To get started, we need to declare a class that will become the Sort module:
#include <Dataflow/Network/Module.h> // module base class
#include <Dataflow/Ports/WordListPort.h> // wordlist port classes
#include <Core/GuiInterface/GuiVar.h> // GUI data interface
#include <string>
#include <vector>
using std::string;
using std::vector;
class Sort : public Module
{
protected:
// most modules have data-members and member-functions that are
// unique to them
// Sort-specific port and gui data members
WordListIPort *iport_;
WordListOPort *oport_;
GuiInt algo_;
// Sort-specific member functions
bool get_data(vector<string>*);
bool get_control(int&);
bool send_data(vector<string>*);
public:
// all modules need to declare and implement at least these
// functions:
//
// - a constructor
// - a virtual destructor
// - a virtual execute function
// constructor (with appropriate initializers)
Sort(const string& id) :
Module("Sort", id, Source, "WordList", "SCIRun"),
algo_("alg_to_use", id, this),
iport_(0),
oport_(0),
algo_(0) { /* do nothing */ }
// virtual destructor
virtual ~Sort() { /* do nothing */ };
// virtual execute function
virtual void execute();
};
We've already implemented the execute function, but it depends on get_data(), get_control() and send_data(). Let's write those now. Assuming that our module actually has the GUI and ports needed (how to provide a GUI and ports to a module will be discussed later on), we now have to get the data and control:
bool Sort::get_data(vector<string> *list)
{
// data is passed between modules as handles
WordListHandle wlh;
// first get a pointer to the input port named "InList"

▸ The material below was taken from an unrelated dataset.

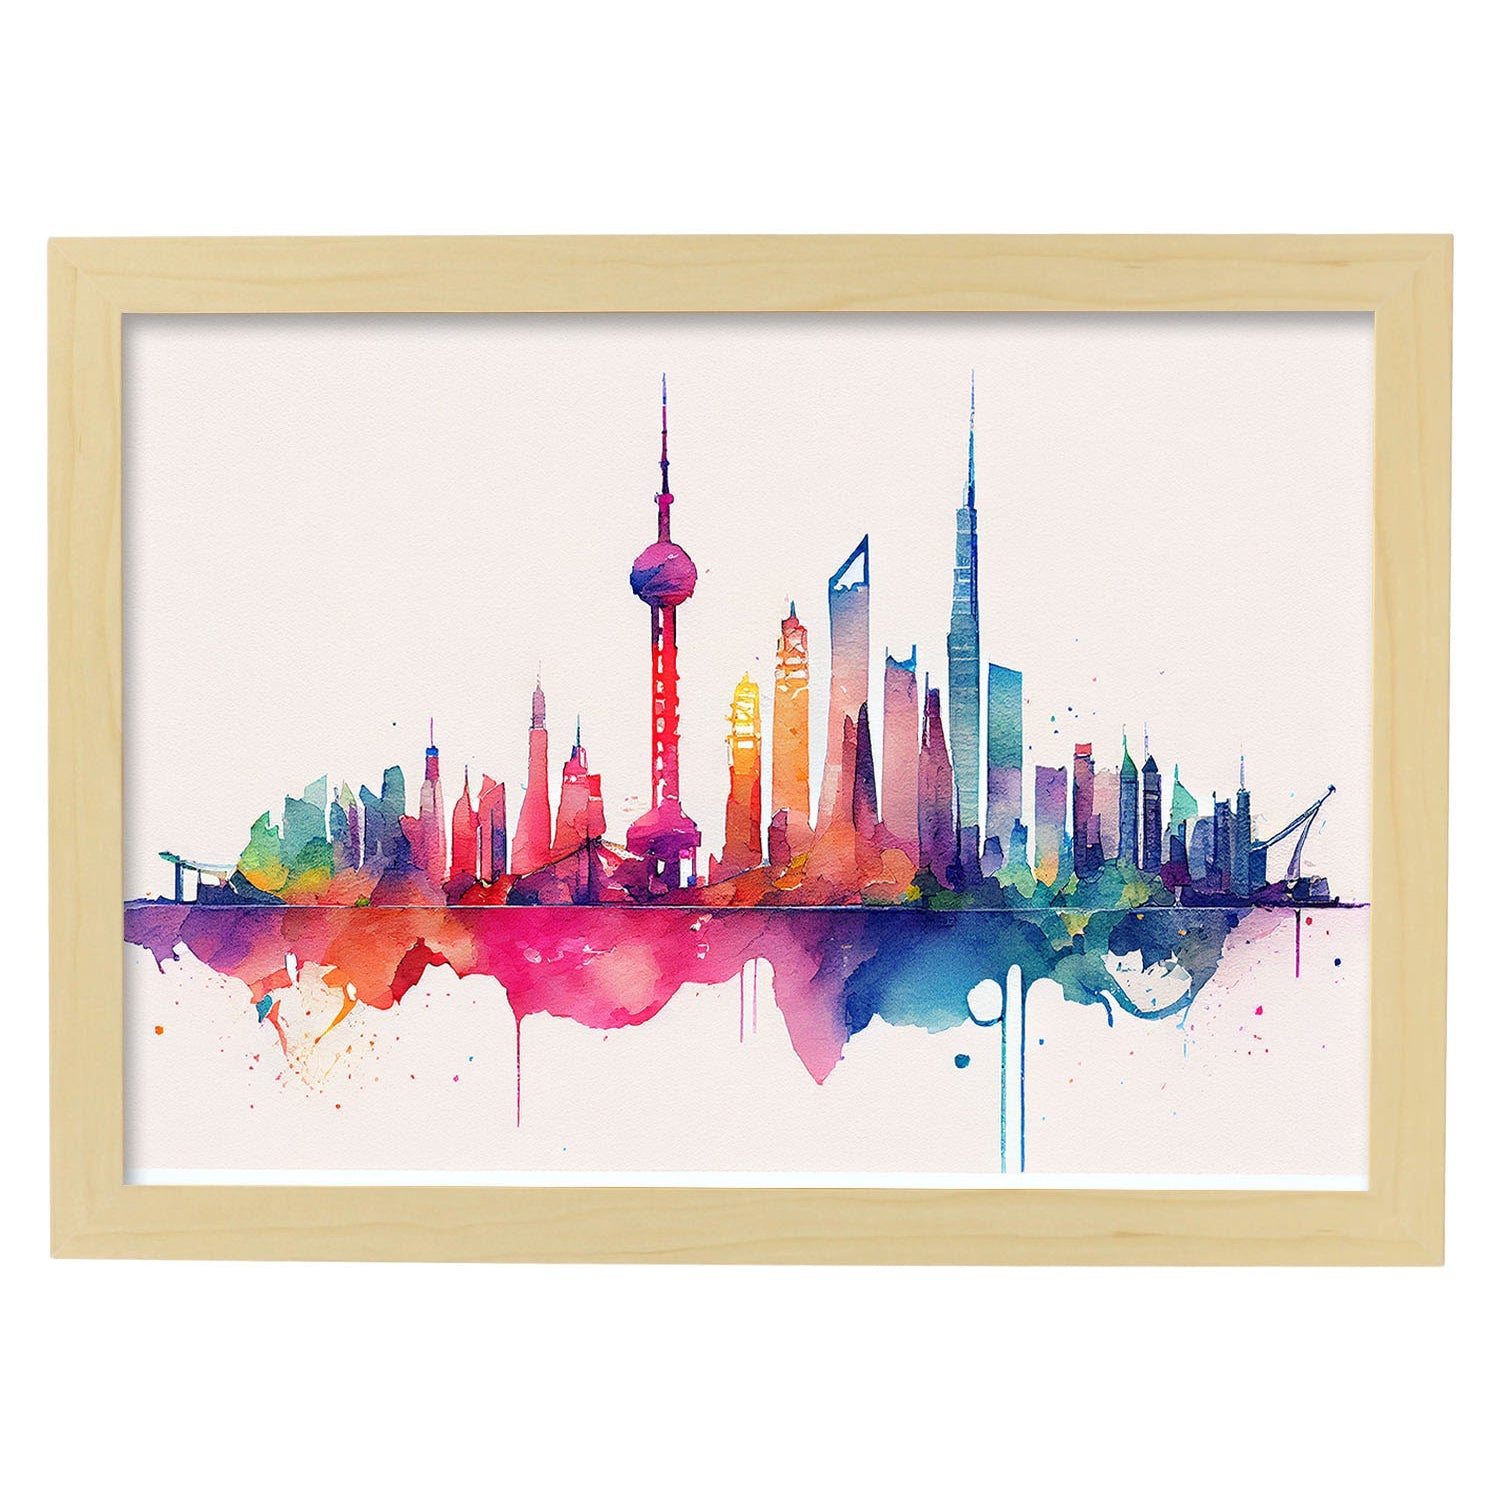 Nacnic watercolor of a skyline of the city of Shanghai_1. Aesthetic Wall Art Prints for Bedroom or Living Room Design.-Artwork-Nacnic-A4-Marco Madera Clara-Nacnic Estudio SL

iport_ = (WordListIPort*)get_iport("InList");
// verify that the port was found
if (!iport_) return false;
// verify that the port is connected and has data.
// if so, the handle will be associated with the data.
// get() is a blocking call when the the port is connected,
// and simply returns with a NULL value when not connected.
if (!iport_->get(wlh)) return false;
// get a pointer to the data from the handle
vector<string> *inlist = wlh.get_rep();
// copy the data to the reference parameter "list".
// the nature of dataflow requires a module
// to copy the incoming data, if the data is to
// be modified. If the data is only examined,
// no copy is necessary.
unsigned length = inlist->size();
list->resize(length);
for (int loop=0; loop<length; ++loop)
(*list)[loop]=(*inlist)[loop];
return true;
}
bool Sort::get_control(int &alg)
{
// prep the GUI element associated with algo_
algo_.reset();
// get the state of the GUI element
alg = algo_.get();
return true;
}
Now we have enough information (the data and control) to call the sort function. After that we'll want to relay the results to the next module (or modules) in the network, i.e. we have to send the results of the sort function to the output port:
void Sort::send_data(vector<string> *outlist)
{
// get a pointer to the output port named "OutList"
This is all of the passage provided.